When I went back to work three years ago, it wasn't because I missed the intellectual challenge, the fancy lunch meetings, and the fourteen-hour days of big law firm life.  It wasn't because the time I spent with my children and their friends wasn't professionally fulfilling for me.  It was because we needed health insurance.  I needed enough money to pay for the groceries and the mortgage.    I love my kids and would cherish the opportunity to raise them myself.  But the economic realities of today's world don't provide that option for most American women.  The stay-at-home suburban housewife is the exception rather than the rule.

In my own profession - a profession, I might add, which I chose and for which I was educated before I knew whether I would ever be a mother - part-time or limited schedules are frowned upon, much as, according to Dr.

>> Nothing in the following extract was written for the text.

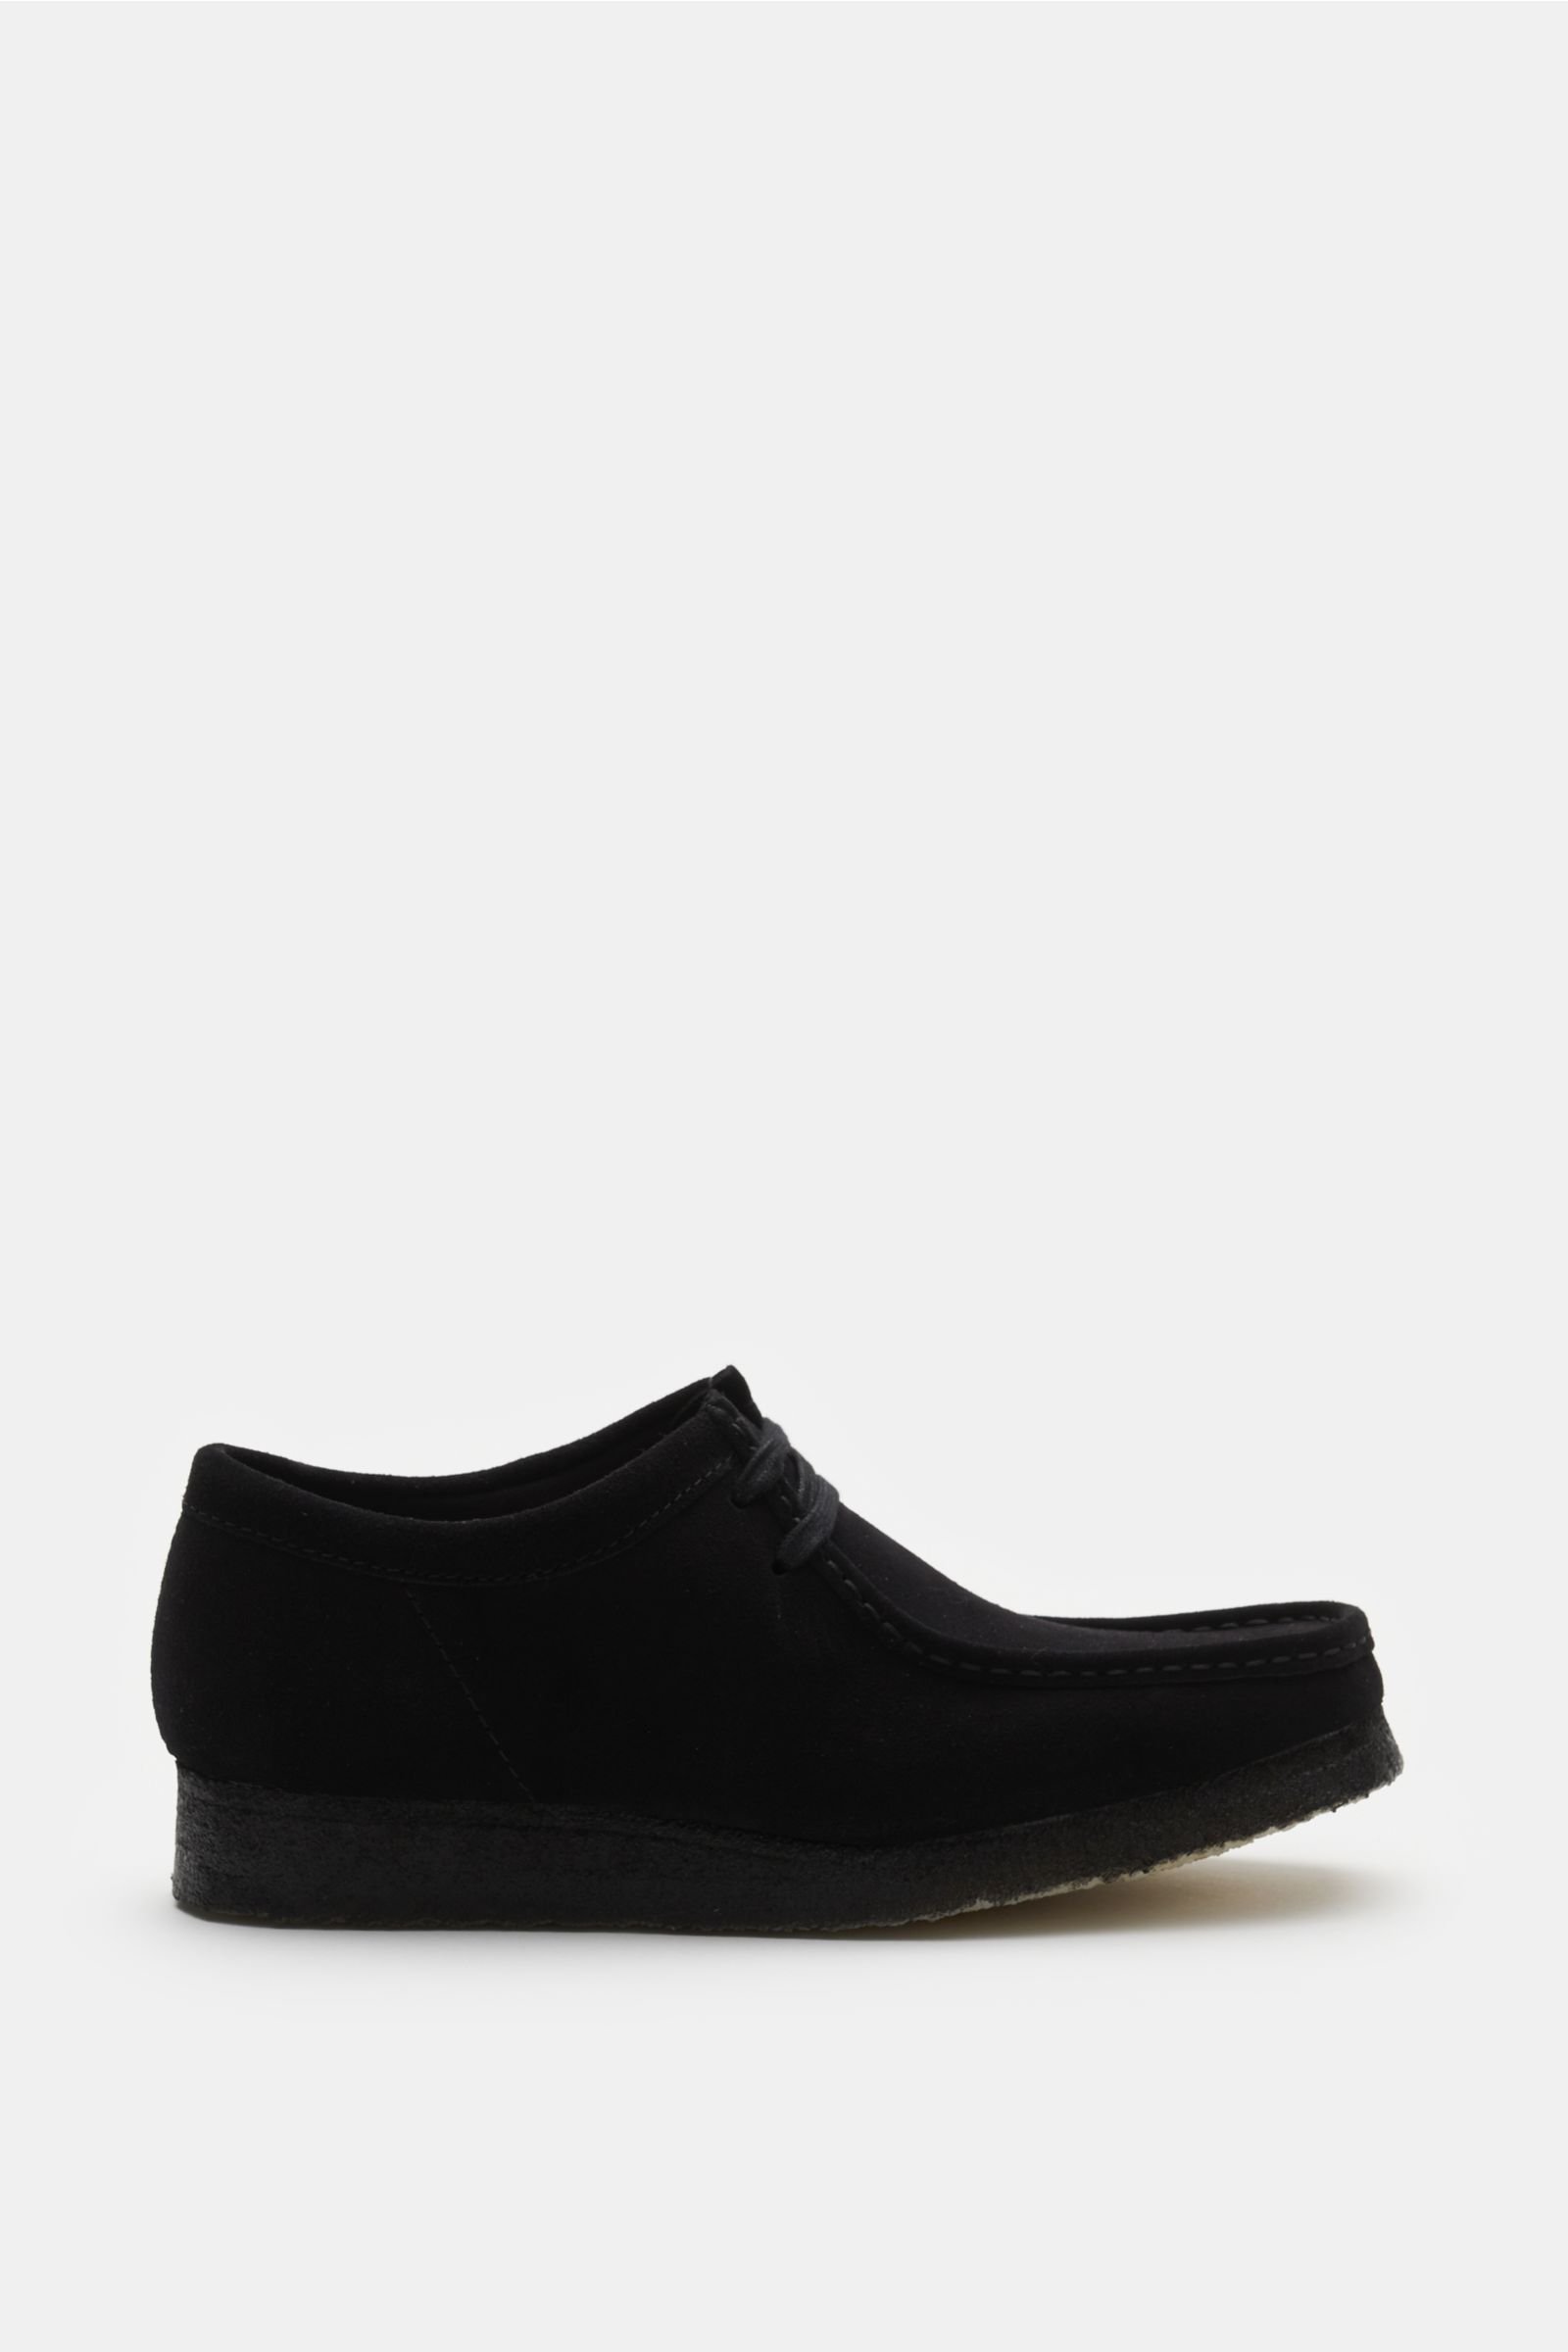 Dress shoes 'Wallabee' black

Sibert, they are in the medical profession.  And for the same reasons.  After my first daughter was born, my request for a part-time schedule at my law firm was summarily denied.  "We just don't have room for a part-time schedule in our litigation department," the partner told me, unapologetically.  Clients need their attorneys to be available night and day to answer questions and respond to crises.  At my firm, it was all or nothing.  I chose nothing, and took a nine-to-five government job at less than half my law firm salary.

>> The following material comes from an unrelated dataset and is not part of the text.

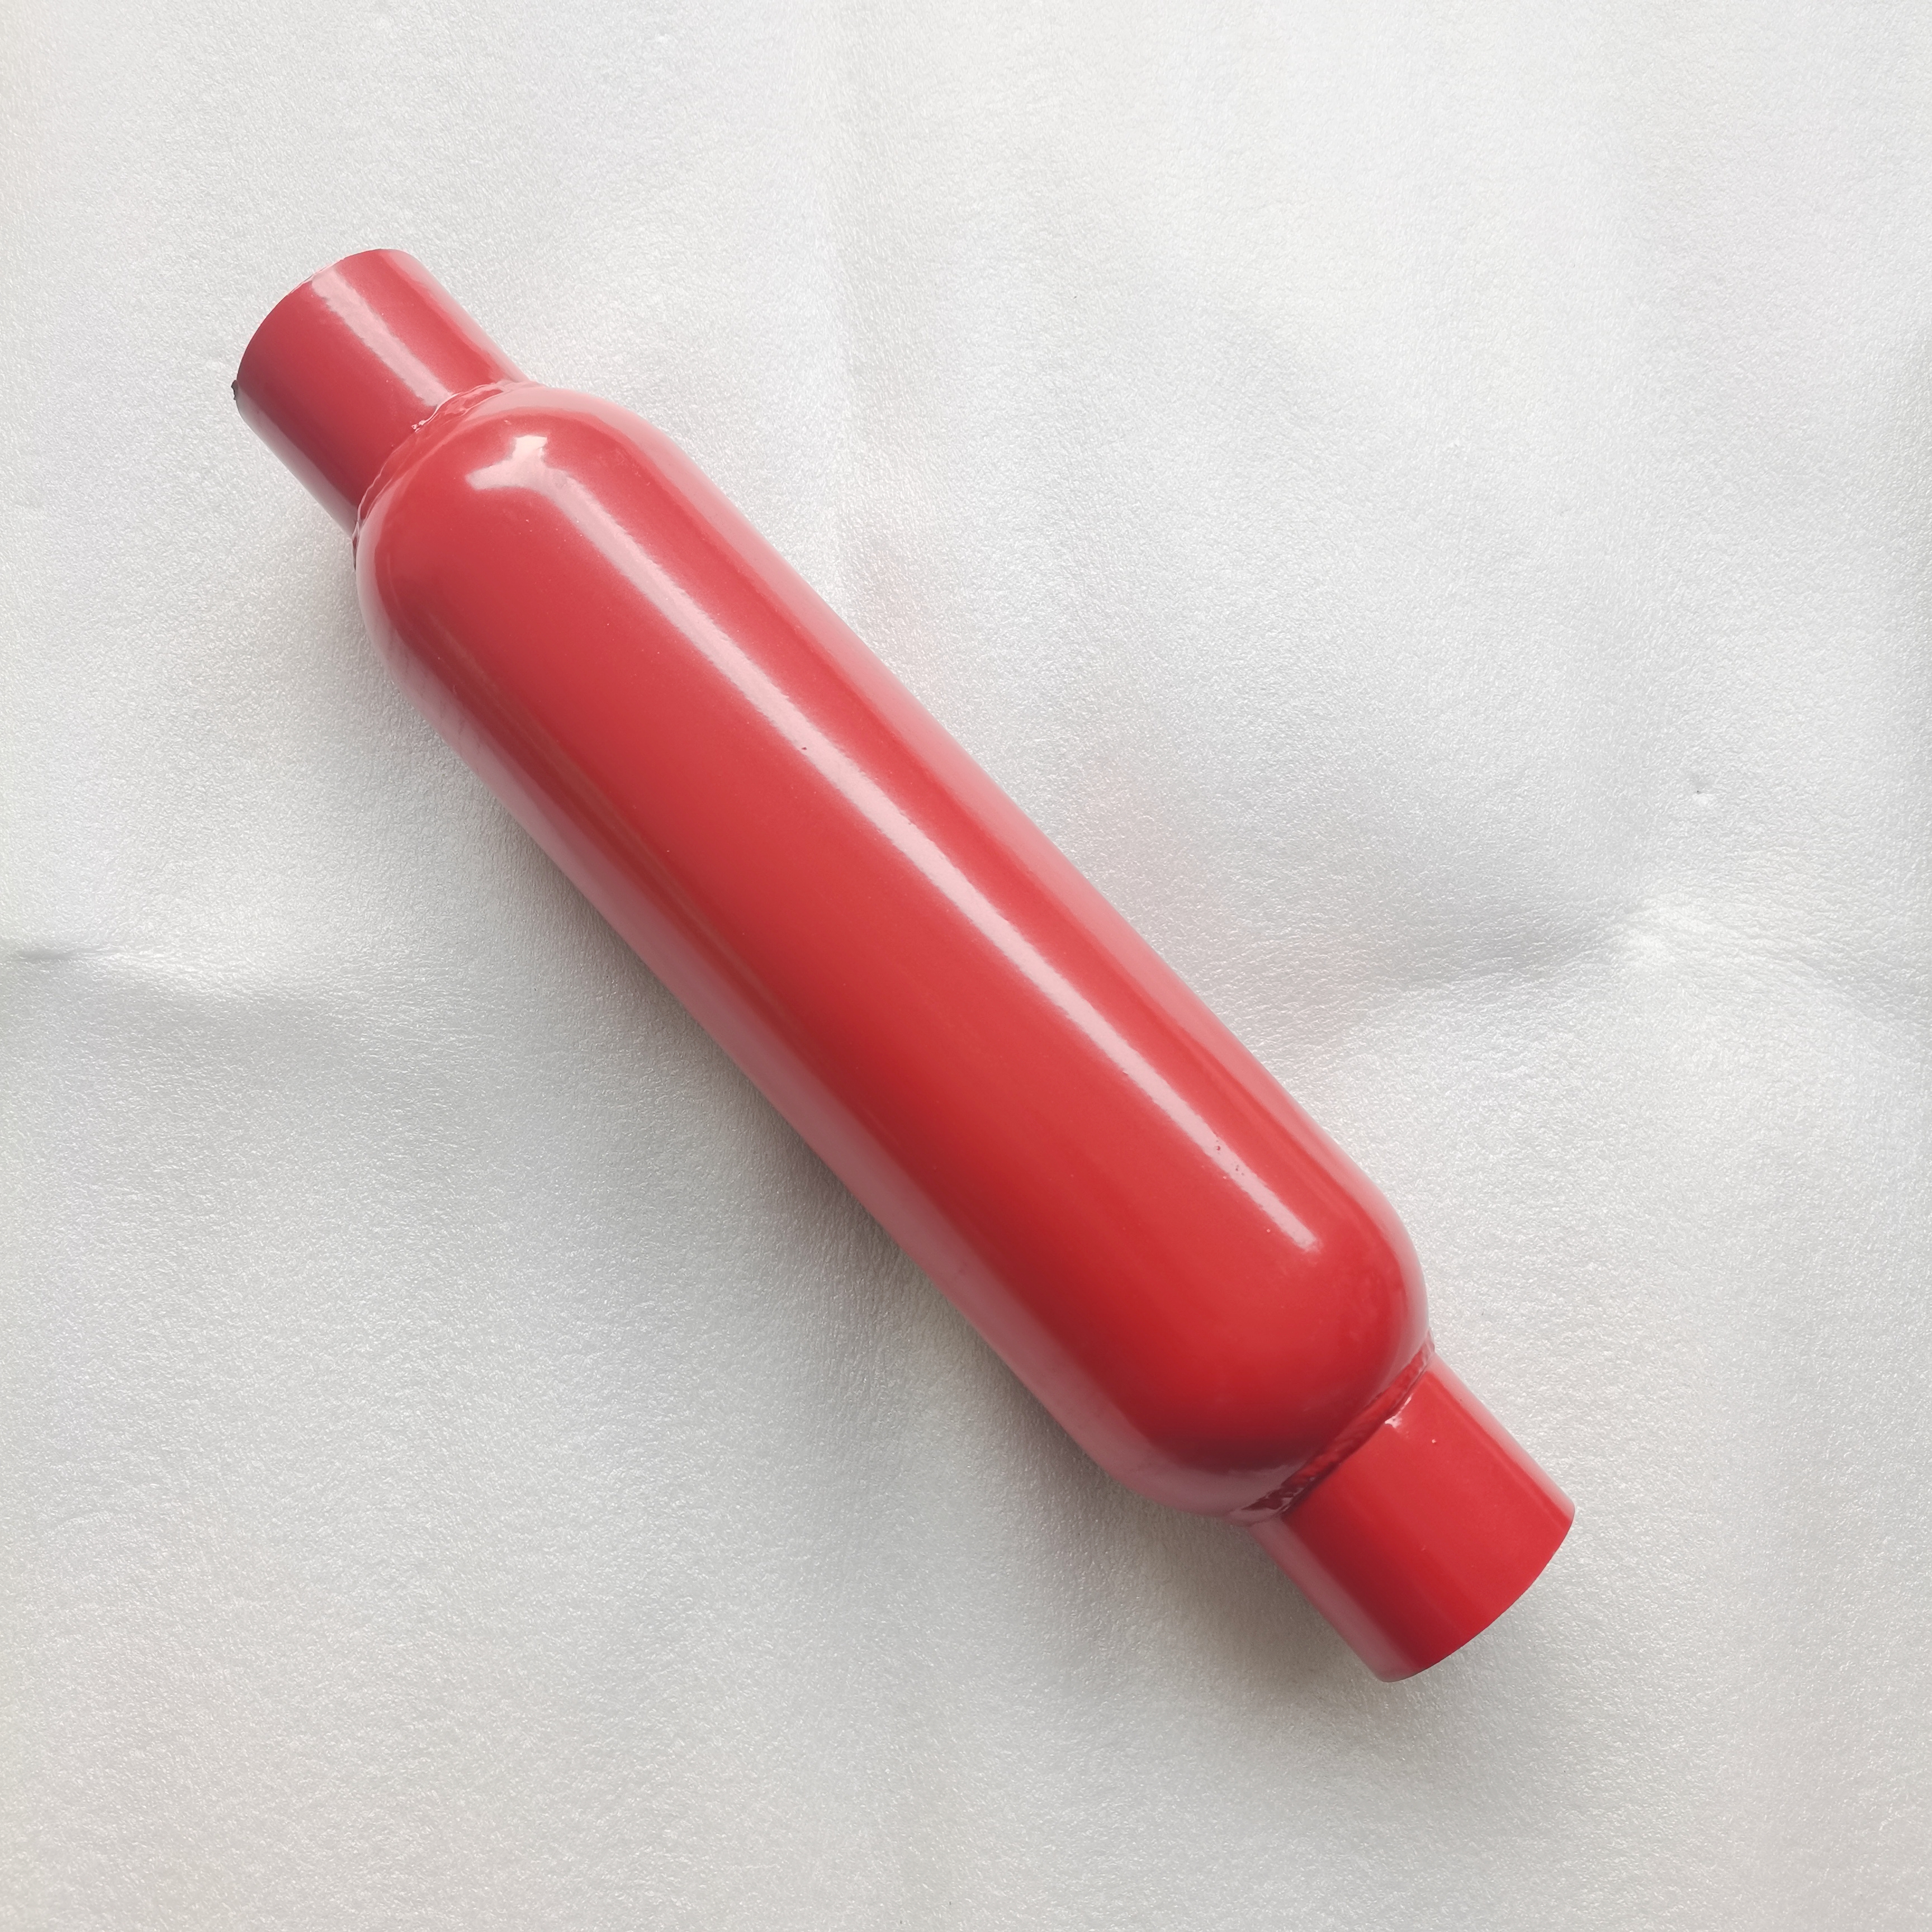 Glasspack Resonator Muffler in Red

I know many single moms who work night and day to keep their heads above water.  Sure, they'd love to go to the gym in the mornings, lunch with the other moms in the afternoons, produce fabulous crafts, decorate and redecorate their living rooms, throw creative birthday parties, and help with the math homework in the evenings.  But, as the sole wage-earners in their families, they cannot.  There are no lifestyle choices, no compromises, and no balancing acts.  It's not about self-respect, professional fulfillment, or pride.  It's about getting from one day to the next in one piece.

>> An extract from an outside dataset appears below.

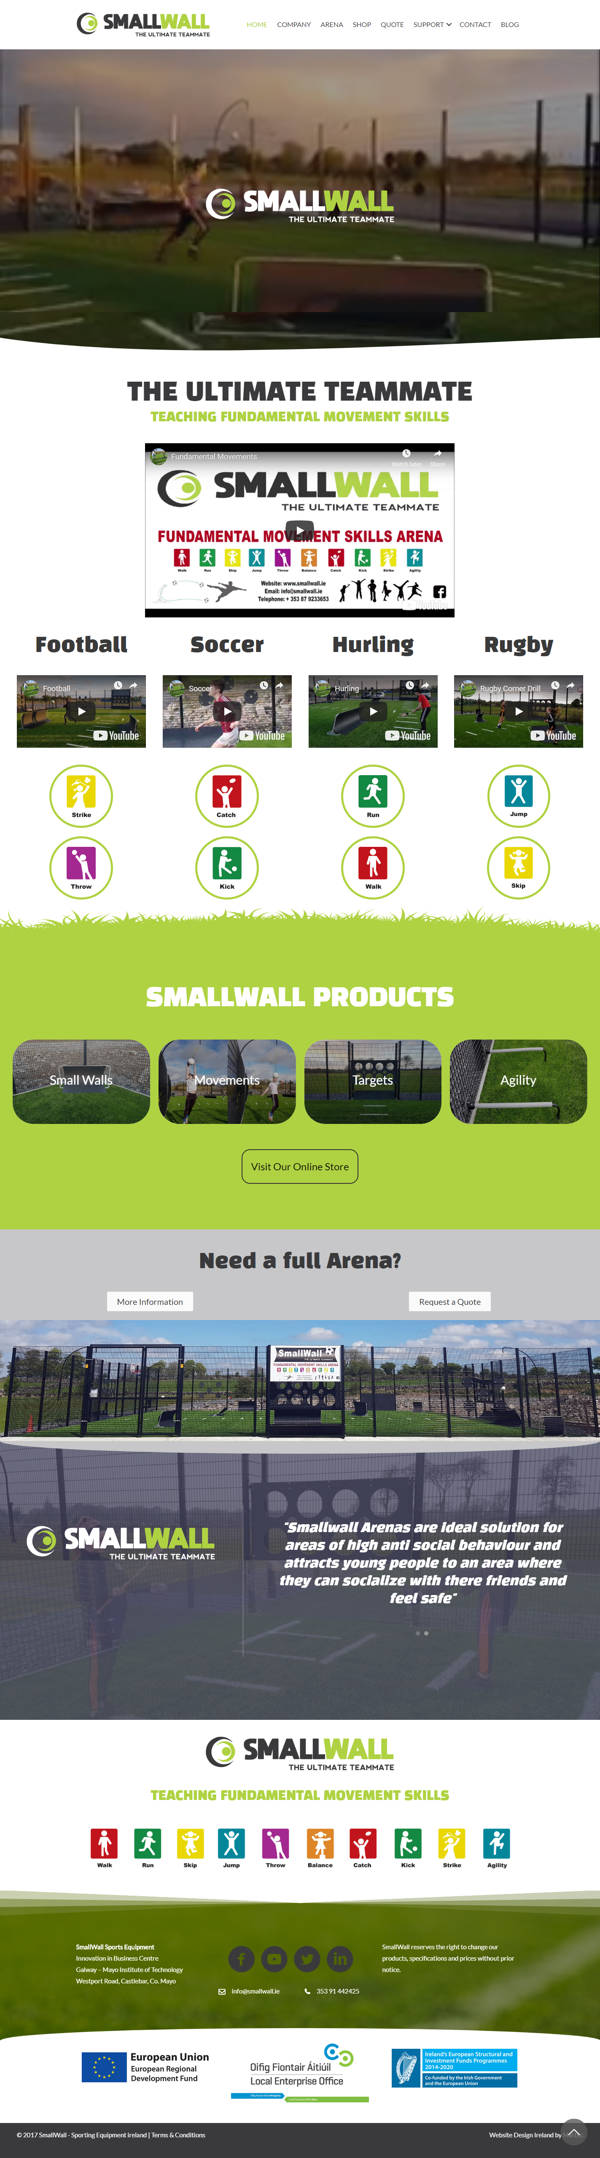 SmallWall – Sporting Equipment ireland

Mothers in the most demanding professions are still, sadly enough, an aberration.  The moment we become parents, we lose professional ground because, as Alexandra Bradner points out in one of the better essays in TORN,

Our professional worlds - replete with late nights, weekends, and the general expectation of ever-readiness - are structured on the assumption that everyone has a stay-at-home wife.  Our most demanding work - toward tenure, partner, director, or VP - occurs during the average six years we spend pregnant, breastfeeding, and chasing after toddlers.  Most of our fields have no reentry culture.

I have been through the void where my field's "reentry culture" should have been.  (See my reentry blog post here.)  I have been offered inappropriate positions at unacceptable pay, and told that the limited hours I need were a fair trade for menial work.  When I am spotted fleeing the office at 5 PM, hours before my colleagues, people shake their heads and say, "She has three kids."  And with those four words, people suddenly think they understand volumes about me, my life, my professional ambitions, and my choices.  I would counter that they actually know very little.

Lisa Belkin's thoughtful reader pointed out, very accurately, that defining motherhood as a "choice" is an insidious way of marginalizing women.  It is a way of classifying us as serious or not serious, based on the circumstances of our lives (which are often beyond our control).  Men are not judged in the same way.  A day will come, hopefully during the lifetimes of my daughters, when women who are educated and empowered in the same way as men will also be judged in the same way.  That day is not here yet, but it is on its way.